**BRIEF**: An exact restatement of every record is required.

**DATA SHOWN**:
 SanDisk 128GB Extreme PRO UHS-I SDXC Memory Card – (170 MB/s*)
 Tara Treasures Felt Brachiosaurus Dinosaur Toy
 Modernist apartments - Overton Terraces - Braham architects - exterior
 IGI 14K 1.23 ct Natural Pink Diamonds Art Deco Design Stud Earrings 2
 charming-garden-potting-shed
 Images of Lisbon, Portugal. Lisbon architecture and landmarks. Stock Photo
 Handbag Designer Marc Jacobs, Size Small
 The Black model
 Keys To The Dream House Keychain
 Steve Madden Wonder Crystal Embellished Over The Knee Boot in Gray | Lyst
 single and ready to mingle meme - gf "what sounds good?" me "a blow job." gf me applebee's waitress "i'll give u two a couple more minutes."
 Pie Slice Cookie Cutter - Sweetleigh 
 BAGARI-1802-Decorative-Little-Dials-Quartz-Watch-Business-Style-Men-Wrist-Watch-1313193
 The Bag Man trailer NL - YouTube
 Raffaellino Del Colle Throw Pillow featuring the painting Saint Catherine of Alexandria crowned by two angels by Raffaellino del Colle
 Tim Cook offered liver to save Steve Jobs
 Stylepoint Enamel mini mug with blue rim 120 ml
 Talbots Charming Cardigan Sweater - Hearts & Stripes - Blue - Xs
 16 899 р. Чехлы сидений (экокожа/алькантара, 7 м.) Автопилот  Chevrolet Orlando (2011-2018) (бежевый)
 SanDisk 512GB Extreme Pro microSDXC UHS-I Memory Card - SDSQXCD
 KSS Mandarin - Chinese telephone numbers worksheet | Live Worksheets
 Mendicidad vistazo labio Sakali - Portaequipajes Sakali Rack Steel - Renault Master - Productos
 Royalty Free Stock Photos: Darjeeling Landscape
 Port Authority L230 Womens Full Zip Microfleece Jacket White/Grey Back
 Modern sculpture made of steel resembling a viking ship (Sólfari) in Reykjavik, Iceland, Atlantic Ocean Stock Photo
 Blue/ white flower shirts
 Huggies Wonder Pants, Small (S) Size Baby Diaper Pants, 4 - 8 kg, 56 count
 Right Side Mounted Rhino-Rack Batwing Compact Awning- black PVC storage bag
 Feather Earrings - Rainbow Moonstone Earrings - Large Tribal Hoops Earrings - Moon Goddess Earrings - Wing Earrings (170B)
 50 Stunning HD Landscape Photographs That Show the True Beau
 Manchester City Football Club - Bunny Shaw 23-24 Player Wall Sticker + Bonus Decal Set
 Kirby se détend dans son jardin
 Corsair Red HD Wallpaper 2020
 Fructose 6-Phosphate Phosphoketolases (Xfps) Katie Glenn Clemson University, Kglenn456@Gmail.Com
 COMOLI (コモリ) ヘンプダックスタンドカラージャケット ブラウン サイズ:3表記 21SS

**SOLUTION TO THIS TASK**:
 SanDisk 128GB Extreme PRO UHS-I SDXC Memory Card – (170 MB/s*)
 Tara Treasures Felt Brachiosaurus Dinosaur Toy
 Modernist apartments - Overton Terraces - Braham architects - exterior
 IGI 14K 1.23 ct Natural Pink Diamonds Art Deco Design Stud Earrings 2
 charming-garden-potting-shed
 Images of Lisbon, Portugal. Lisbon architecture and landmarks. Stock Photo
 Handbag Designer Marc Jacobs, Size Small
 The Black model
 Keys To The Dream House Keychain
 Steve Madden Wonder Crystal Embellished Over The Knee Boot in Gray | Lyst
 single and ready to mingle meme - gf "what sounds good?" me "a blow job." gf me applebee's waitress "i'll give u two a couple more minutes."
 Pie Slice Cookie Cutter - Sweetleigh 
 BAGARI-1802-Decorative-Little-Dials-Quartz-Watch-Business-Style-Men-Wrist-Watch-1313193
 The Bag Man trailer NL - YouTube
 Raffaellino Del Colle Throw Pillow featuring the painting Saint Catherine of Alexandria crowned by two angels by Raffaellino del Colle
 Tim Cook offered liver to save Steve Jobs
 Stylepoint Enamel mini mug with blue rim 120 ml
 Talbots Charming Cardigan Sweater - Hearts & Stripes - Blue - Xs
 16 899 р. Чехлы сидений (экокожа/алькантара, 7 м.) Автопилот  Chevrolet Orlando (2011-2018) (бежевый)
 SanDisk 512GB Extreme Pro microSDXC UHS-I Memory Card - SDSQXCD
 KSS Mandarin - Chinese telephone numbers worksheet | Live Worksheets
 Mendicidad vistazo labio Sakali - Portaequipajes Sakali Rack Steel - Renault Master - Productos
 Royalty Free Stock Photos: Darjeeling Landscape
 Port Authority L230 Womens Full Zip Microfleece Jacket White/Grey Back
 Modern sculpture made of steel resembling a viking ship (Sólfari) in Reykjavik, Iceland, Atlantic Ocean Stock Photo
 Blue/ white flower shirts
 Huggies Wonder Pants, Small (S) Size Baby Diaper Pants, 4 - 8 kg, 56 count
 Right Side Mounted Rhino-Rack Batwing Compact Awning- black PVC storage bag
 Feather Earrings - Rainbow Moonstone Earrings - Large Tribal Hoops Earrings - Moon Goddess Earrings - Wing Earrings (170B)
 50 Stunning HD Landscape Photographs That Show the True Beau
 Manchester City Football Club - Bunny Shaw 23-24 Player Wall Sticker + Bonus Decal Set
 Kirby se détend dans son jardin
 Corsair Red HD Wallpaper 2020
 Fructose 6-Phosphate Phosphoketolases (Xfps) Katie Glenn Clemson University, Kglenn456@Gmail.Com
 COMOLI (コモリ) ヘンプダックスタンドカラージャケット ブラウン サイズ:3表記 21SS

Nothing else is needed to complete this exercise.